Настоящее исследование, наряду с другими нашими публикациями[309], имеет целью сформировать цельную и последовательную картину эволюции самозащиты гражданских прав, восполнить пробелы и неточности в ее истории и историографии.

Исследование истоков самозащиты в гражданском праве, изучение прообразов самозащиты в обычаях родового быта убедительно доказывают, что ряд способов самозащиты ведет свое происхождение из самоуправных действий, а некоторые из них (самопомощь) и в настоящее время находятся на грани правомерных и противоправных действий. Такое родство представляется неслучайным. Природой в человека заложен инстинкт самосохранения, и самозащита является его естественной потребностью, которая не может зависеть от усмотрения законодателя и текущего состояния позитивного права. Поэтому право на самозащиту, наряду с правом на жизнь и свободу, принадлежит к числу естественных и неотчуждаемых прав человека и гражданина. Философы и юристы на протяжении всей истории человечества, начиная с античных времен и заканчивая недавними исследованиями[310], высказывали мысль о том, что право самозащиты вытекает из самой природы вещей, поскольку «силу отражать силой все законы и все права допускают» ("vim enim vi defendere omnes leges omniaque jura permittunt")[311]. Таким образом, самозащита рассматривается нами как естественное право индивида, источником которого является гражданская правоспособность[312].

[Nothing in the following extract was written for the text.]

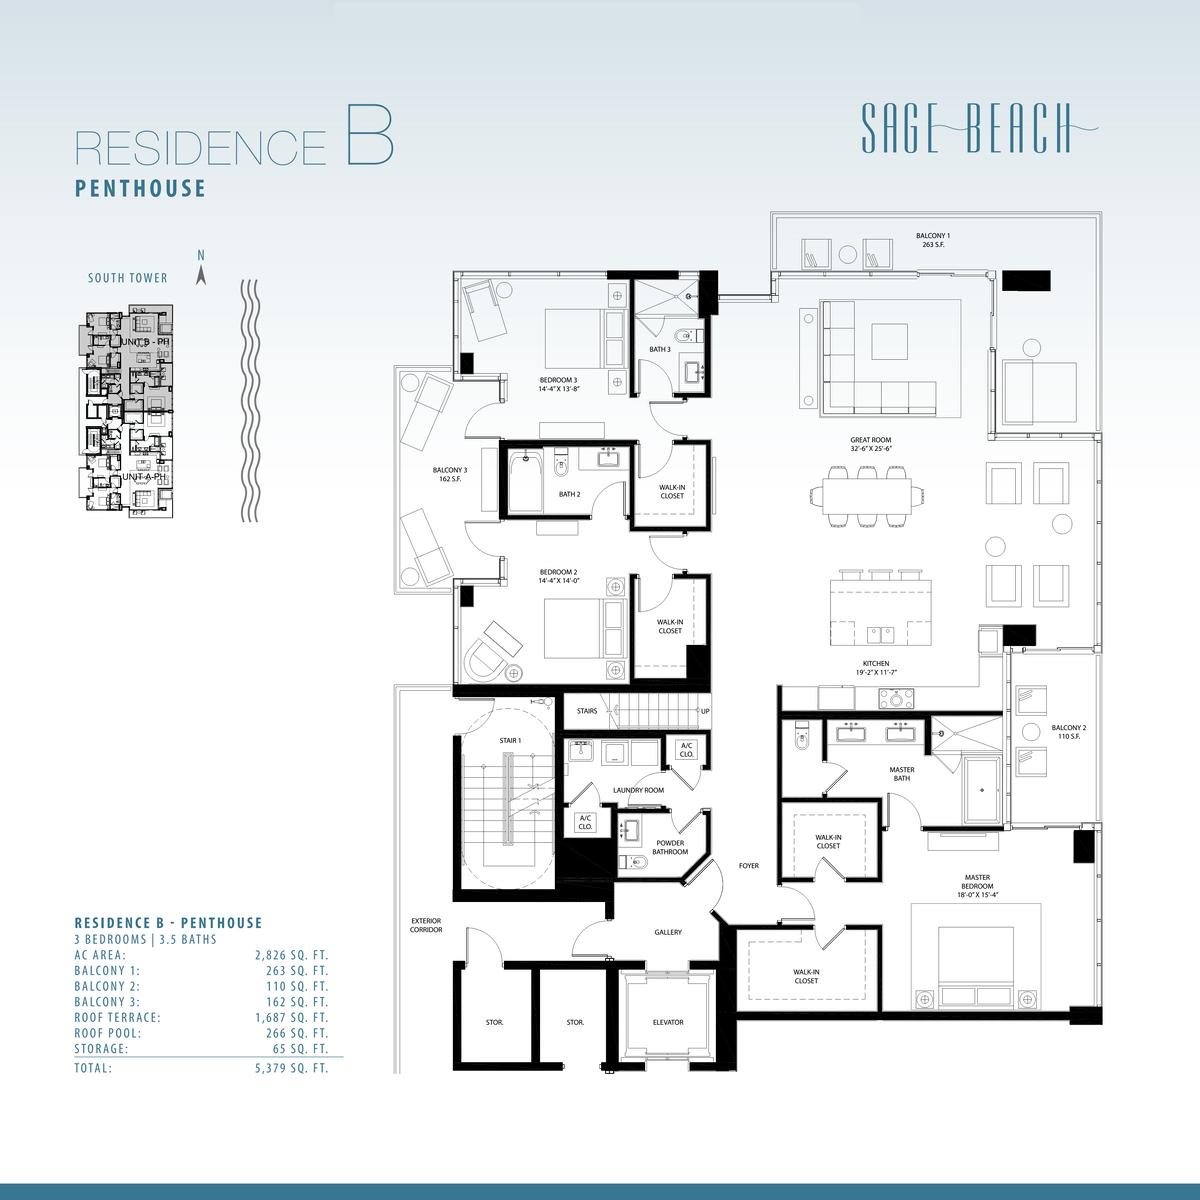 Sage Beach - Floorplan 3

Однако данная точка зрения не является очевидной и требует дополнительной аргументации. Несмотря на господствующее воззрение на естественные права как на неотчуждаемое достояние человека, юснатуралисты (представители естественно-правовой школы) полагают, что в государстве индивид должен в значительной мере (если не полностью!) отказываться от права на самостоятельную защиту своих интересов. Такой вывод вытекает, например, из умозаключений Дж. Локка (в трактате «О целях политического общества и правления»). В естественном состоянии, утверждает Локк, человек обладает двумя видами власти. Во-первых, это власть делать то, что он считает необходимым для охранения себя и других в рамках закона природы. Другая власть, которой обладает человек в естественном состоянии, – это власть наказывать за преступления, совершенные против данного закона. От обоих этих видов власти он отказывается, когда присоединяется к частному или отдельному политическому обществу и вступает в какое-либо государство, отдельное от остального человечества[313]. Таким образом, аргументация ученого неумолимо ведет нас к мысли о том, что по мере передачи функций государству индивид должен лишиться права на самозащиту. Чем же тогда объяснить ее существование в современном гражданском обществе наряду с разветвленной системой юрисдикционных органов защиты? И где в таком случае надлежит провести границу между государственной и частной инициативой в деле защиты прав?

Пожалуй, нигде эти вопросы не обладают такой остротой и очевидностью, как в гражданском праве, которое по определению представляет собой «область свободы и частной инициативы». Представляется, что причина параллельного существования юрисдикционных и неюрисдикционных способов защиты прав заключается в общепризнанном положении о невозможности гарантировать немедленную и эффективную государственную защиту прав для всех и каждого[314]. Традиционным недостатком юрисдикционных механизмов защиты прав, единодушно отмечаемым учеными и признаваемым органами государственной власти[315], является его вопиющая медлительность (еще Гораций называл правосудие «хромым»). Поэтому даже в настоящее время государственное принуждение не может считаться достаточно эффективным средством защиты нарушенных прав. Следовательно, правосудие по определению не сможет во всех случаях заменить «частную инициативу» самих участников гражданского оборота. Насколько же справедливо в таком случае требовать от индивида (выражаясь словами Локка) полного и окончательного отказа от возможности «охранять свои права и наказывать за преступления»? Полагаем, что необоснованность такого ограничения у современного исследователя не вызывает сомнений. Поэтому следует согласиться с А. Ф. Кони в том, что отнять у человека защиту в тех случаях, когда общество ее дать не может, значило бы «совершенно уничтожить объективное равенство между людьми»[316].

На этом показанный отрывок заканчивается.